Work order
Return every entry exactly as written, with the pictures removed.
[Start of section]
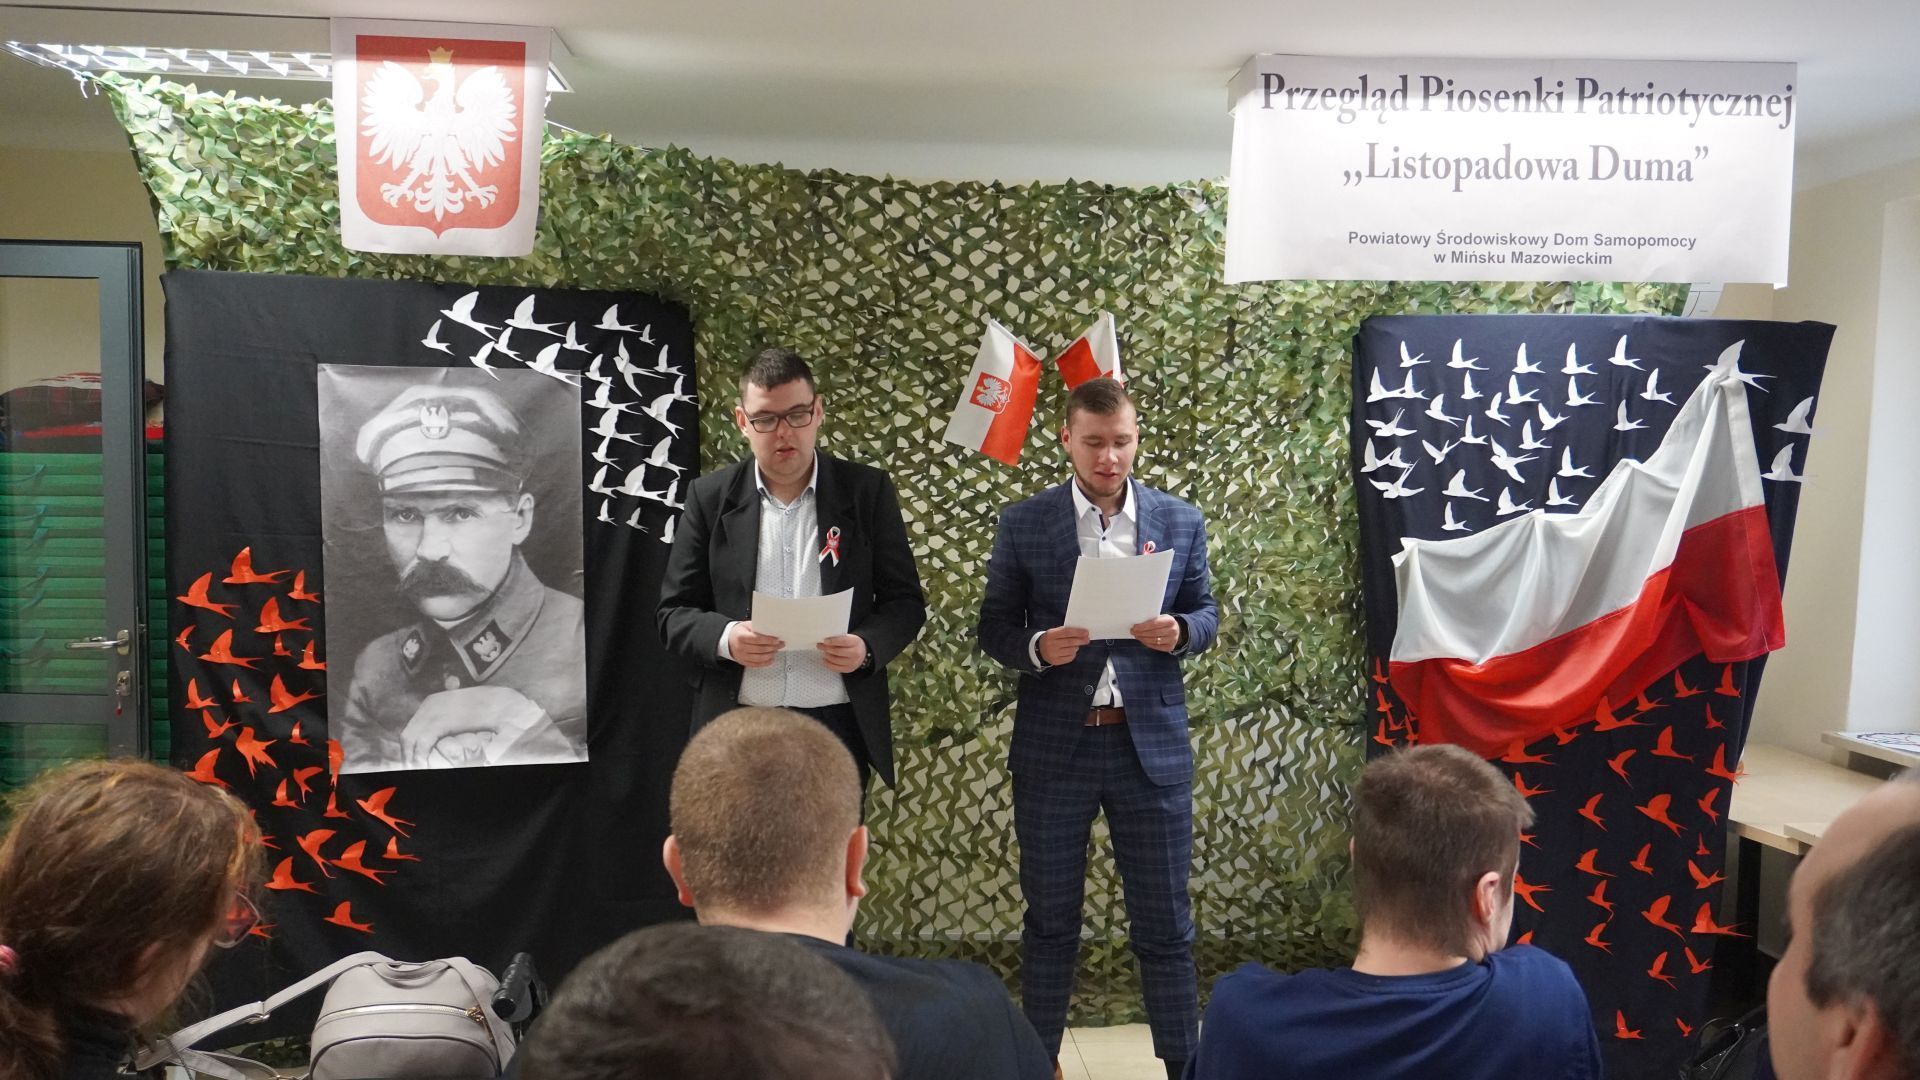 Uczestnicy Bartek i Karol zapowiadają występ podczas Przeglądu Piosenki Patriotycznej ''Listopadowa Duma''.
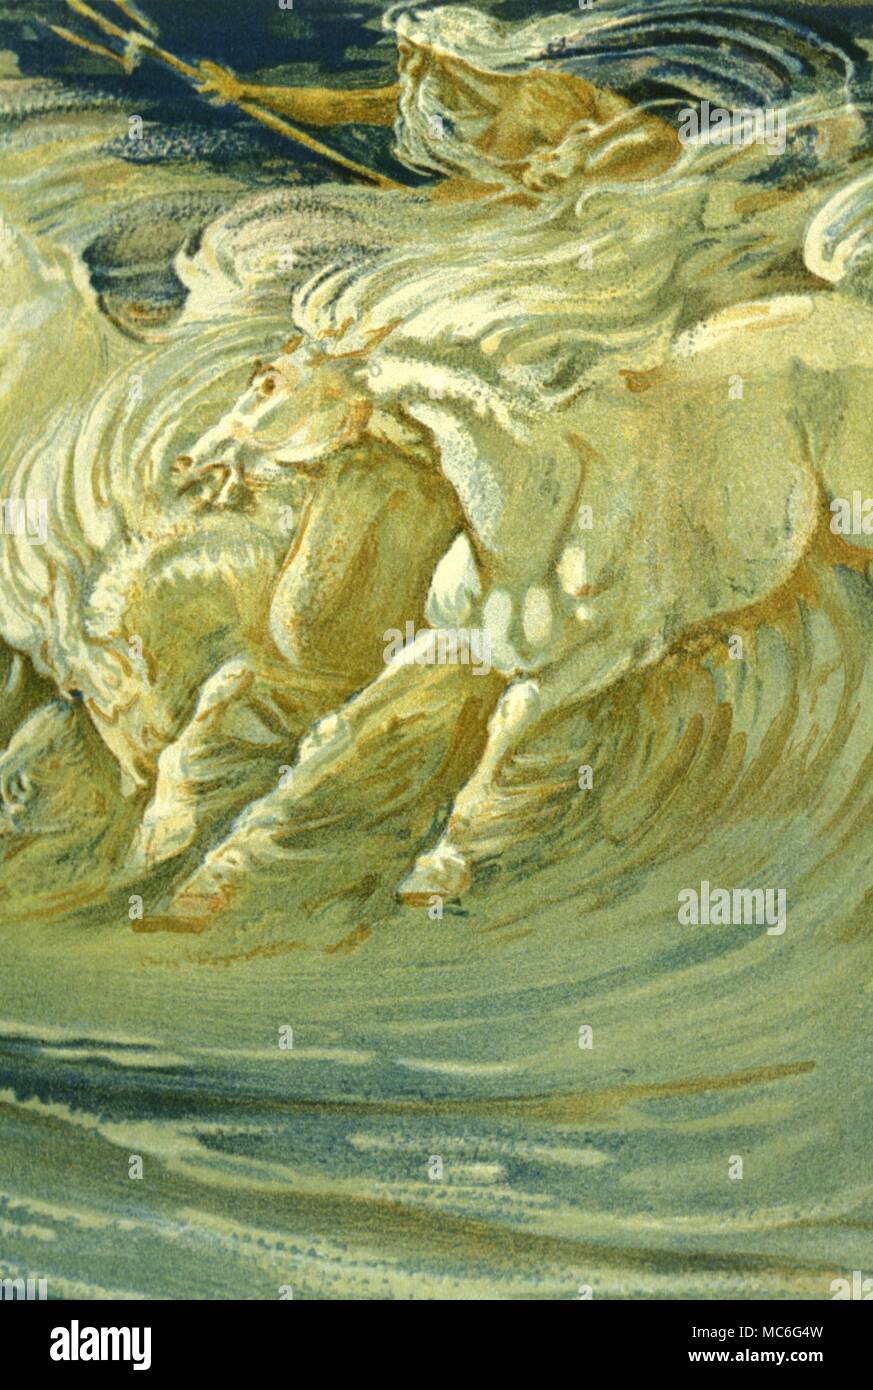 La mythologie grecque - Poseidon Poseidon avec ses chevaux. Impression lithographique de l'esquisse par Walter Crane 1893 Banque D'Images
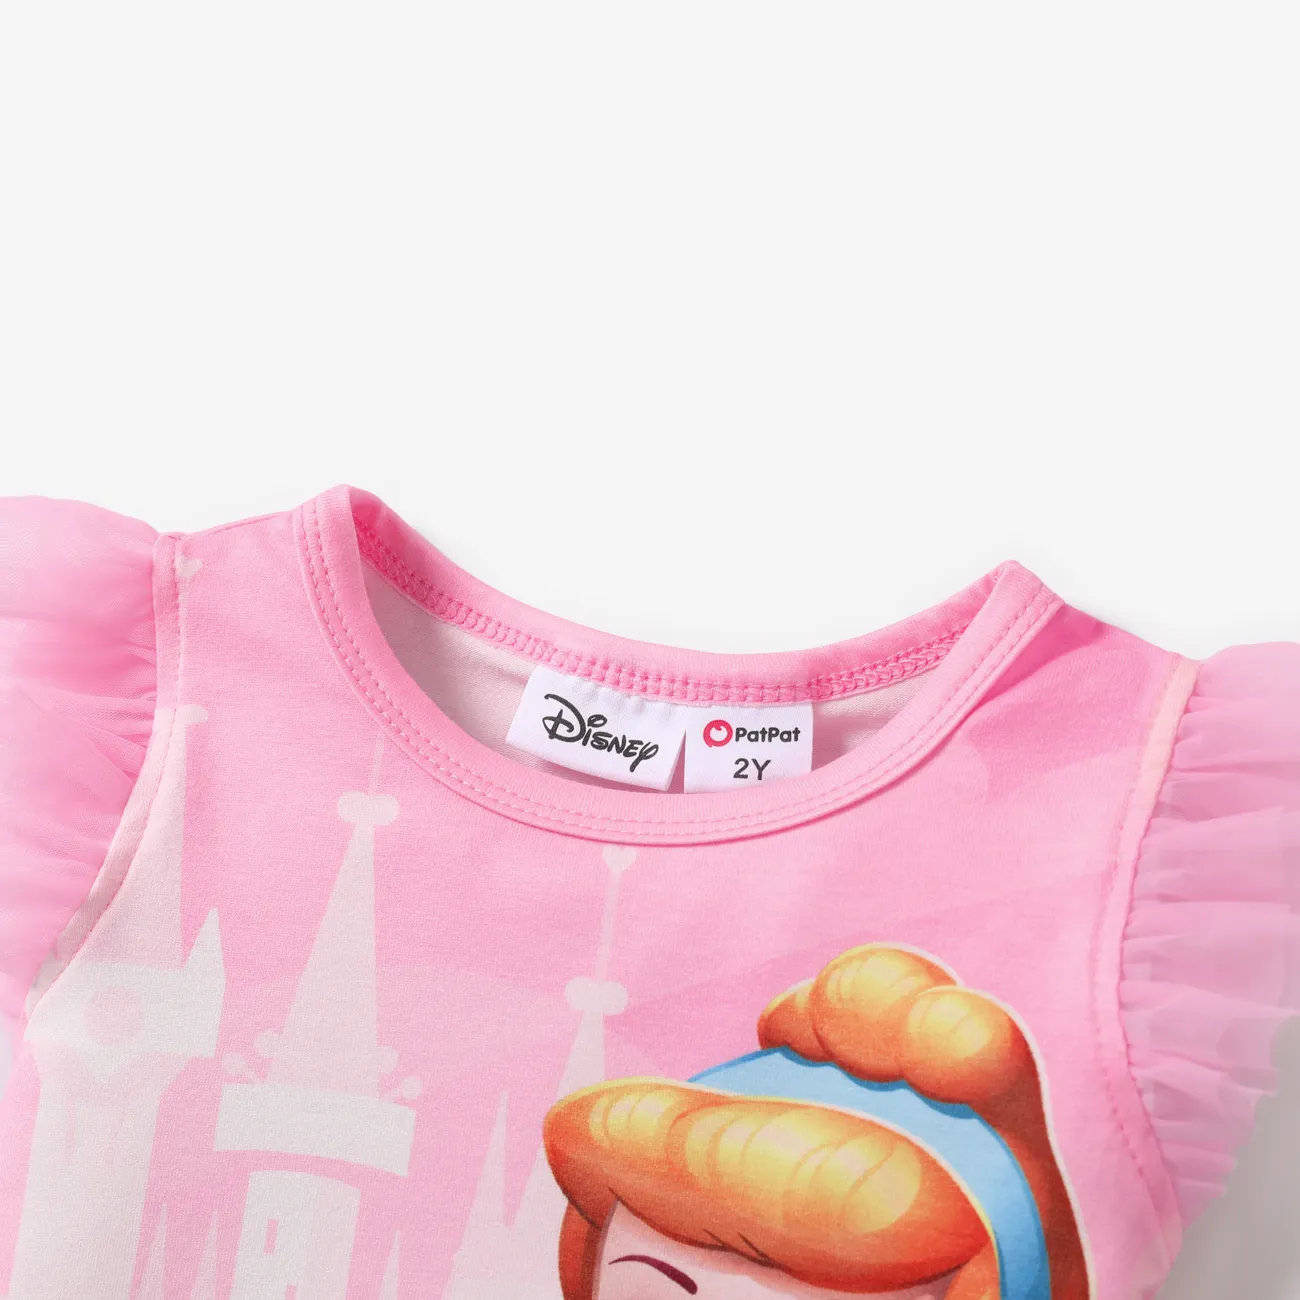 Disney Princess Toddler Girl Naia™ Character Print with Ruffled Mesh Sleeve Top Pink big image 1
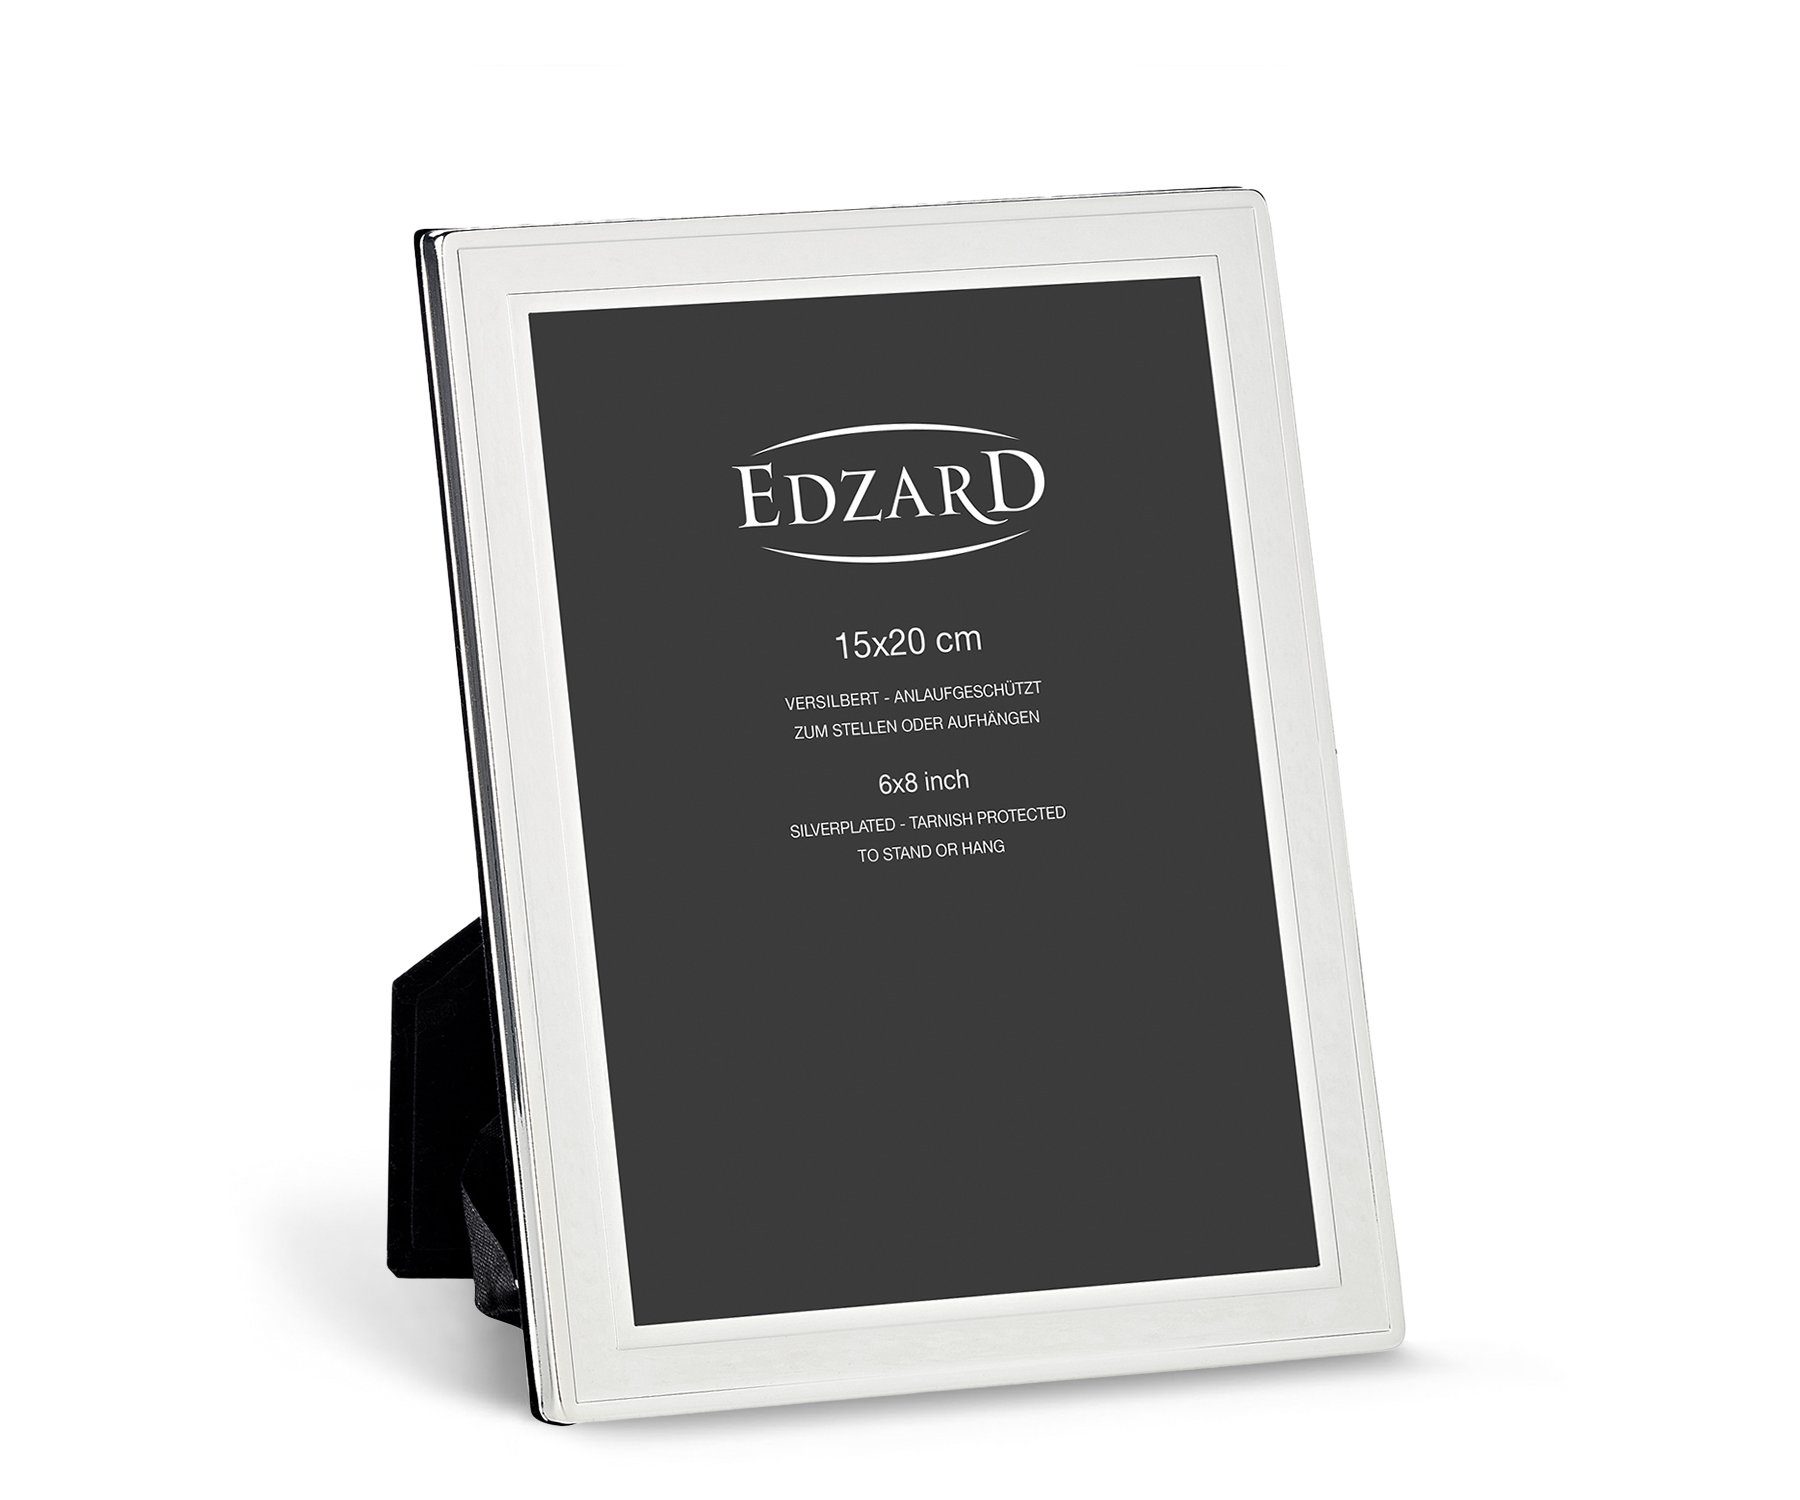 EDZARD für anlaufgeschützt, und Foto versilbert cm Bilderrahmen 15x20 Nardo,
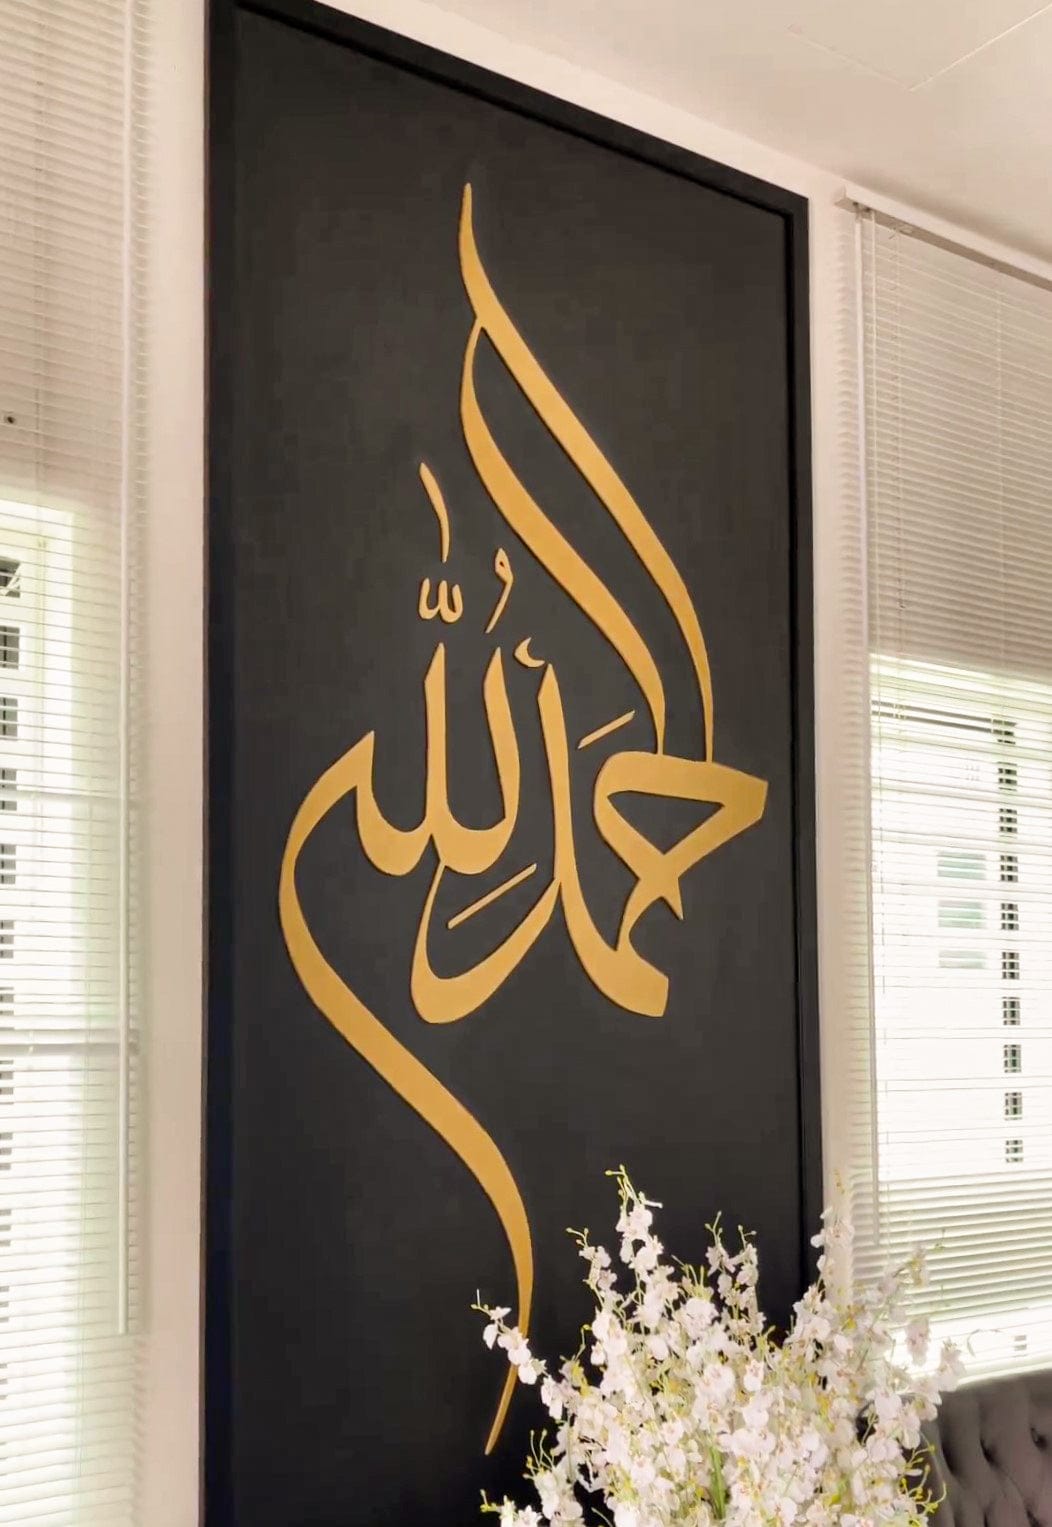 Vente Tableaux calligraphie islamique, Lever du soleil لوحة خط
[End of section]
Answer
 Uczestnicy Bartek i Karol zapowiadają występ podczas Przeglądu Piosenki Patriotycznej ''Listopadowa Duma''.
 La mythologie grecque - Poseidon Poseidon avec ses chevaux. Impression lithographique de l'esquisse par Walter Crane 1893 Banque D'Images
 Disney Princess Toddler Girl Naia™ Character Print with Ruffled Mesh Sleeve Top Pink big image 1
 EDZARD für anlaufgeschützt, und Foto versilbert cm Bilderrahmen 15x20 Nardo,
 Vente Tableaux calligraphie islamique, Lever du soleil لوحة خط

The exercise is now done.